The data >>
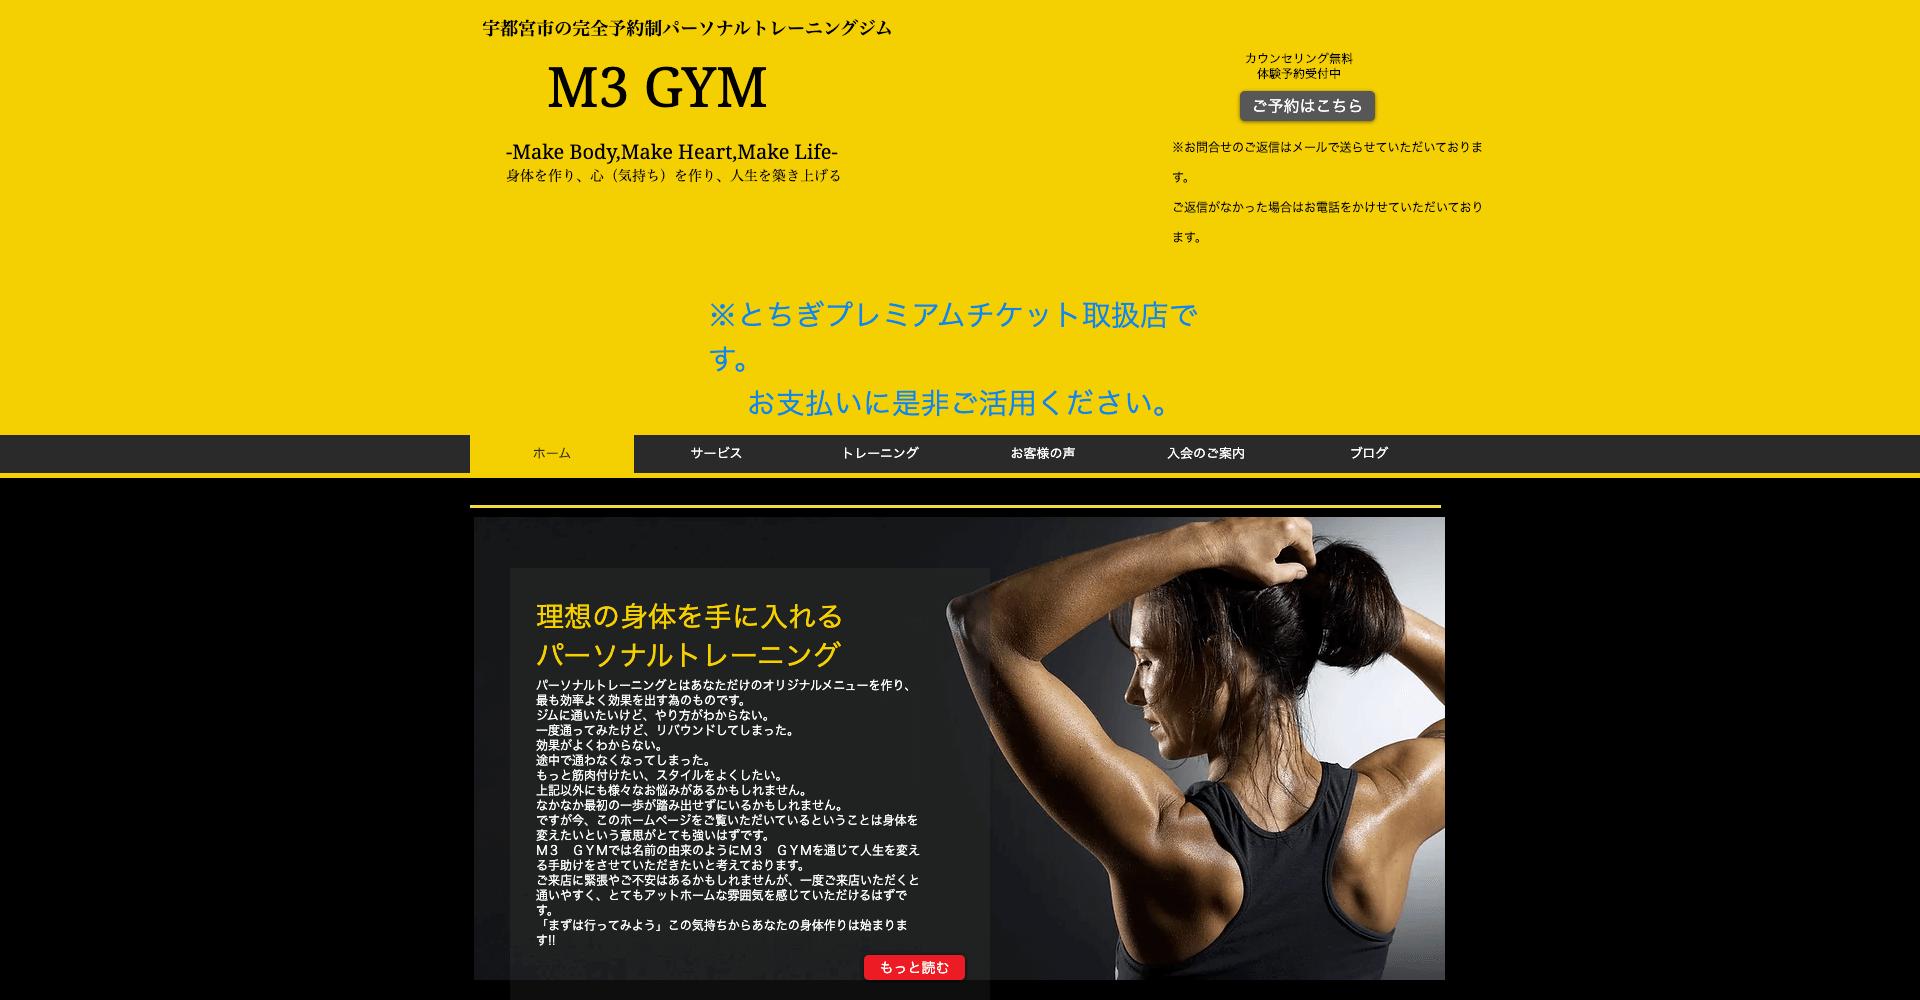 M3 GYM
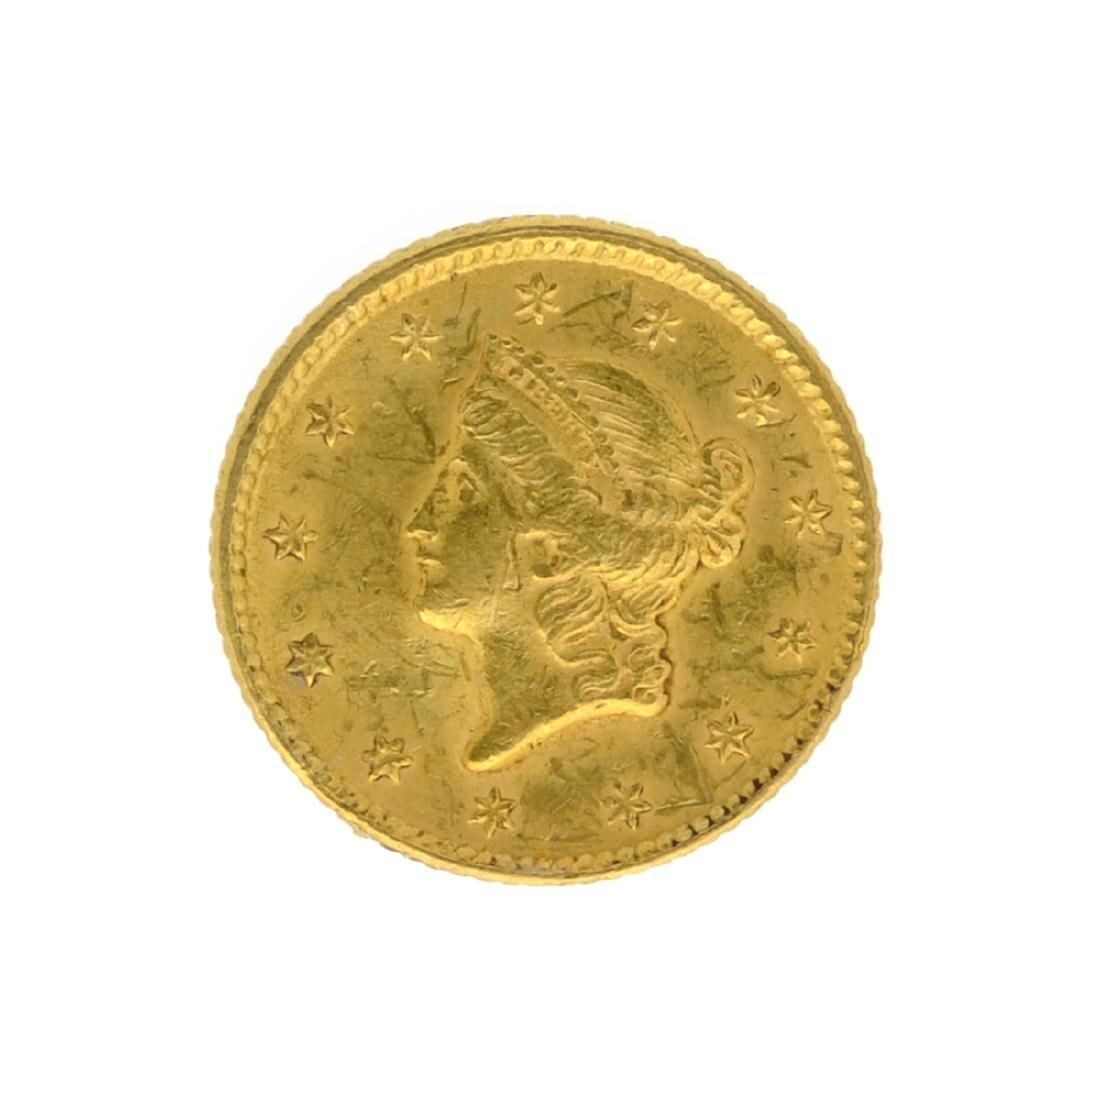 *1851 $1 U.S. Liberty Head Gold Coin (JG-N)
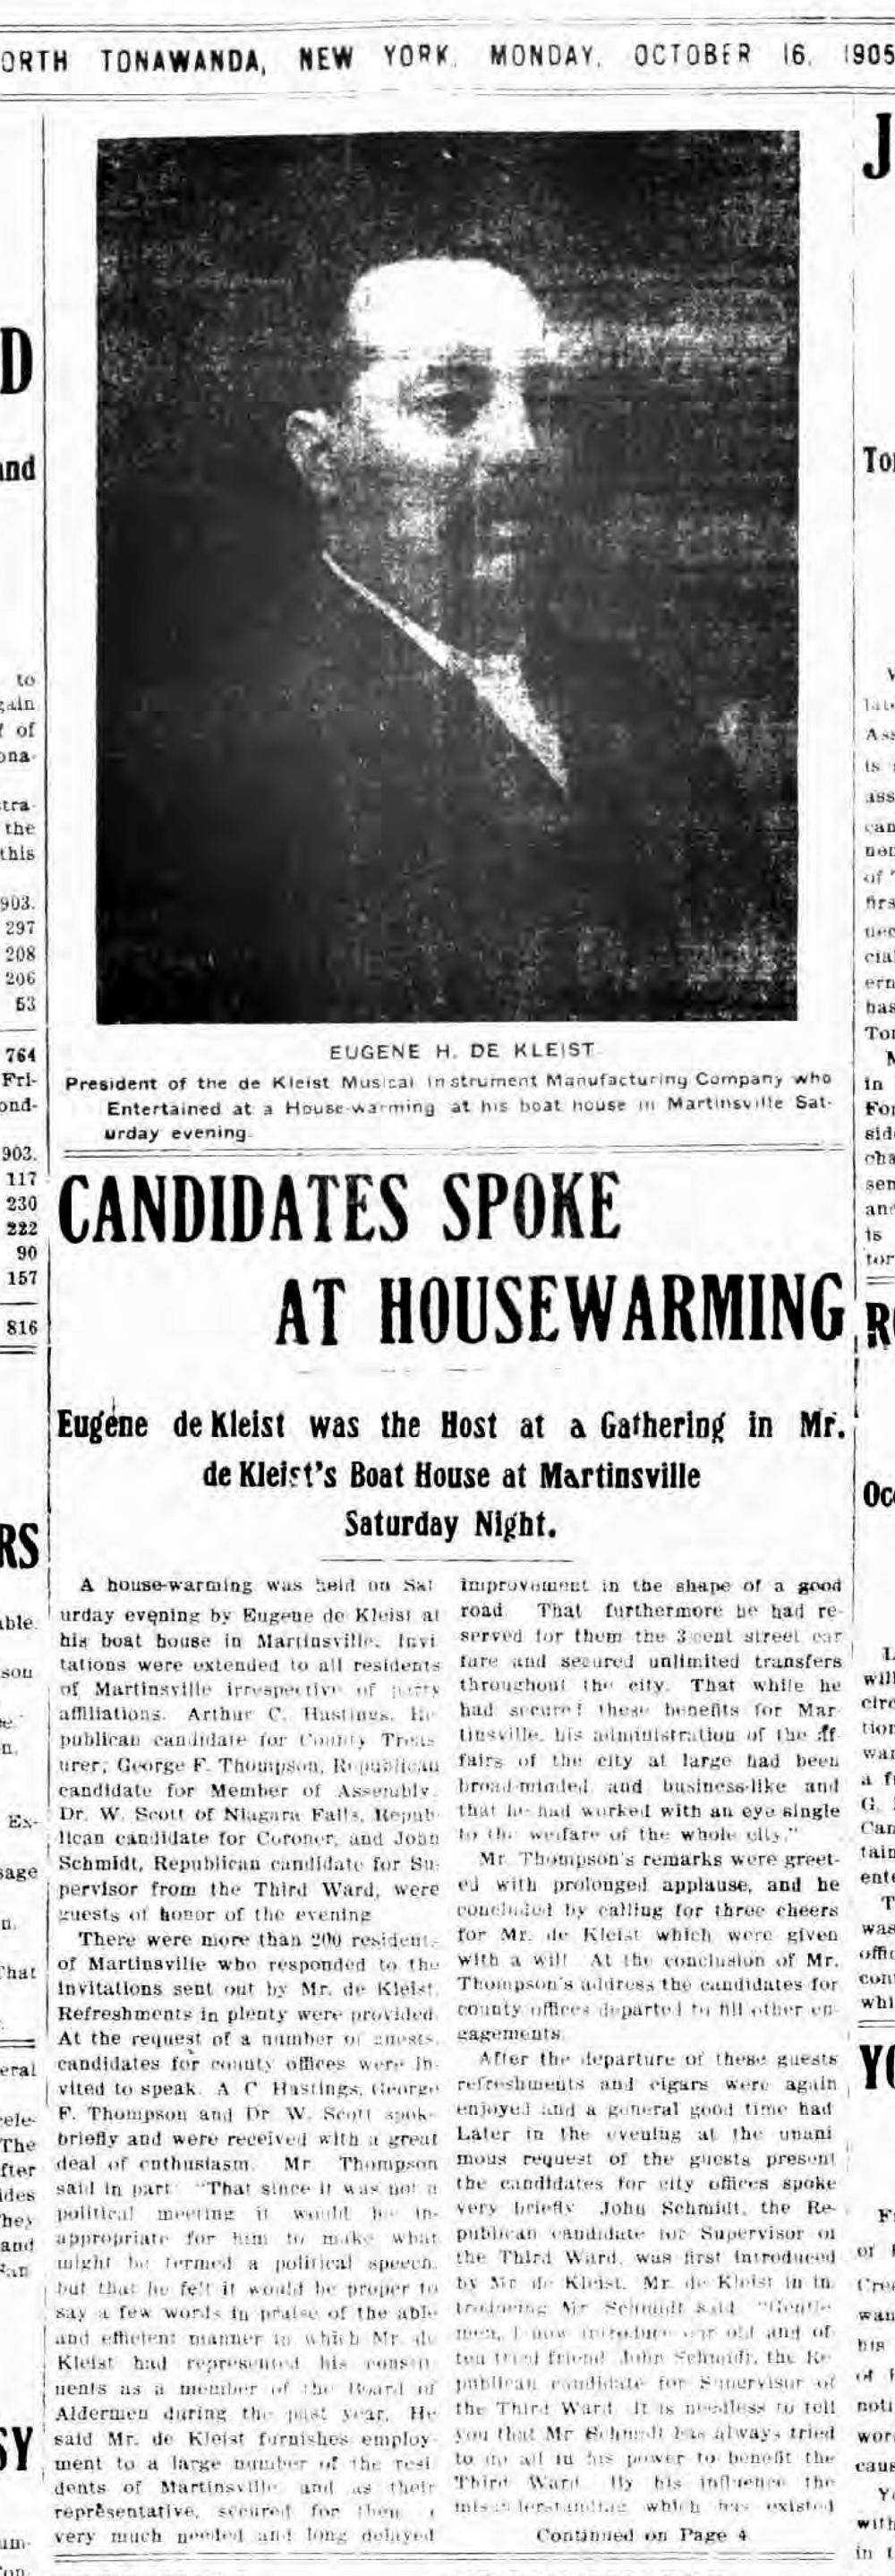 Candidates Speak at Boathouse, de Kleist photo, article (Tonawanda News, 1905-10-13).jpg

What this task involves >> Could you transcribe all of the data exactly and omit the pictures?

Output for this task >>
 M3 GYM
 *1851 $1 U.S. Liberty Head Gold Coin (JG-N)
 Candidates Speak at Boathouse, de Kleist photo, article (Tonawanda News, 1905-10-13).jpg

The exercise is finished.